Thousands of children around Australia are returning to school this week. It’s a time of fresh beginnings, of anxiety, excitement, new friendships and relationships – and not only for the children, because parents are equally feeling the mixed bag of emotions.
Parents worry about their children, mostly. But what about ourselves? Do we ever think about the learning experiences we will have publicly, outside of our comfort zones, that will shape us and create our futures?
I became a mum four years ago. I’ve since learned how to be accountable for my faults, my reality, and ultimately – my happiness. I’m sharing the lot.
Overcoming chronic anxiety two years ago opened my eyes to hidden signs and symptoms of unhappy and UN-empowered mums, who were brushing off bad moods or poor health as just ‘bad days’. With my inspired hand, I started writing day and night about the responsibility we have to ourselves to heal from the inside out, and be free of anxiety and stress (even if we don’t believe anxiety or stress is present in our life).
Now I’m aware that I only have to ask for help, or visualise the outcome that I want, to bring myself back to an empowered mindset. I can recognise when my manifestations turn into reality. I know every moment is perfect and is paving the way for the next perfect moment. I know how powerful I am.
I’m not one of those people that brushes bad moods off as ‘just a bad day’. I know, through my experiences over the past few years, that little thoughts can reveal big emotions that are impacting on life in big ways. And I enjoy exploring.
I want to share what I am learning, and have learned, with you.
I’m a learning mum. I’m a learning wife. I’m a learning house-keeper. I’m a learning woman. I’m a learning human being.
Via this blog and my books, I’m posting what I’m learning every day to connect with other parents, and to validate that they are not alone if they feel or experience the same range of emotions that I do, as a natural and intuitive person and parent, and as someone who possibly (just putting it out there) experiences anxiety as an early parent.

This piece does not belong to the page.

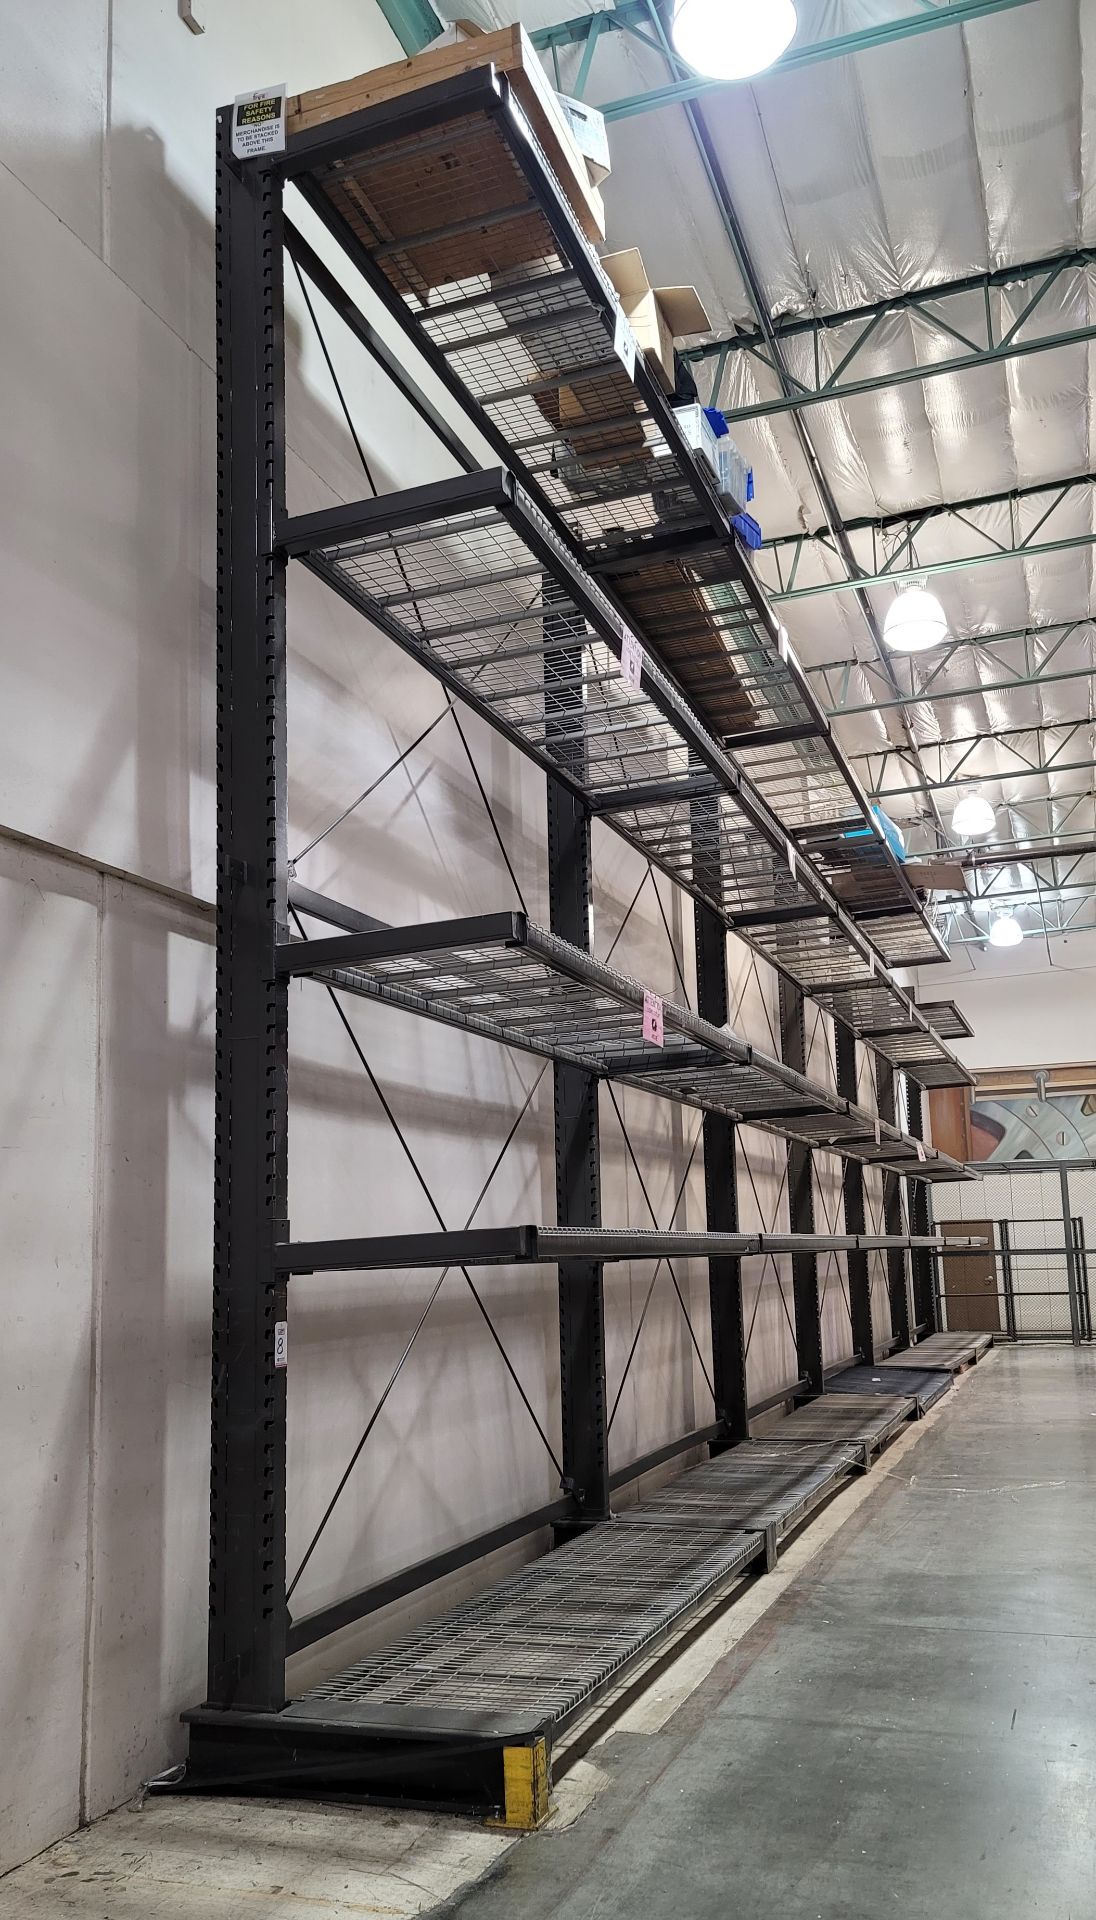 LOT - (6) 12' SECTIONS OF CANTILEVER PALLET RACK, 1-SIDED, 20' HT, WIRE DECKING

I blog and share my experiences with you, at the same time exposing myself as an everyday, time-pressed, exhausted, house-wife and mum who has fairly high expectations of myself (expectations that, like many, have their roots in anxiety about control and safety). I want to relate and learn from other mums and I want to convert unhelpful, negative energy to powerful, rewarding, positive energy.
How my writing can help.
I choose to see all of my experiences that frustrate, challenge, sadden, infuriate, or weaken me, as opportunities to learn and grow and improve my perception of life, the way I live, and my experience as a parent.
2014 is a year for being real.
I’m going to start the year by being ok with being me … the inspired part as well as the very human part that needs nurturing from the inside-out. I wonder how many other parents can be REAL WITH ME this year?
Will you accept yourself – with all your faults – as perfect and perfectly lovable? Will you recognise that ‘bad days’ are a great opportunity to do some digging and reflection on emotions making big impacts on your life? Will you stop worrying about what other people think, and do some inner work to change for a better life experience?
As usual I feel just like a child that is starting first day at school, who will make mistakes in front of the school room many times throughout the year. And I feel good about it because by now I know the lessons are well worth the experience.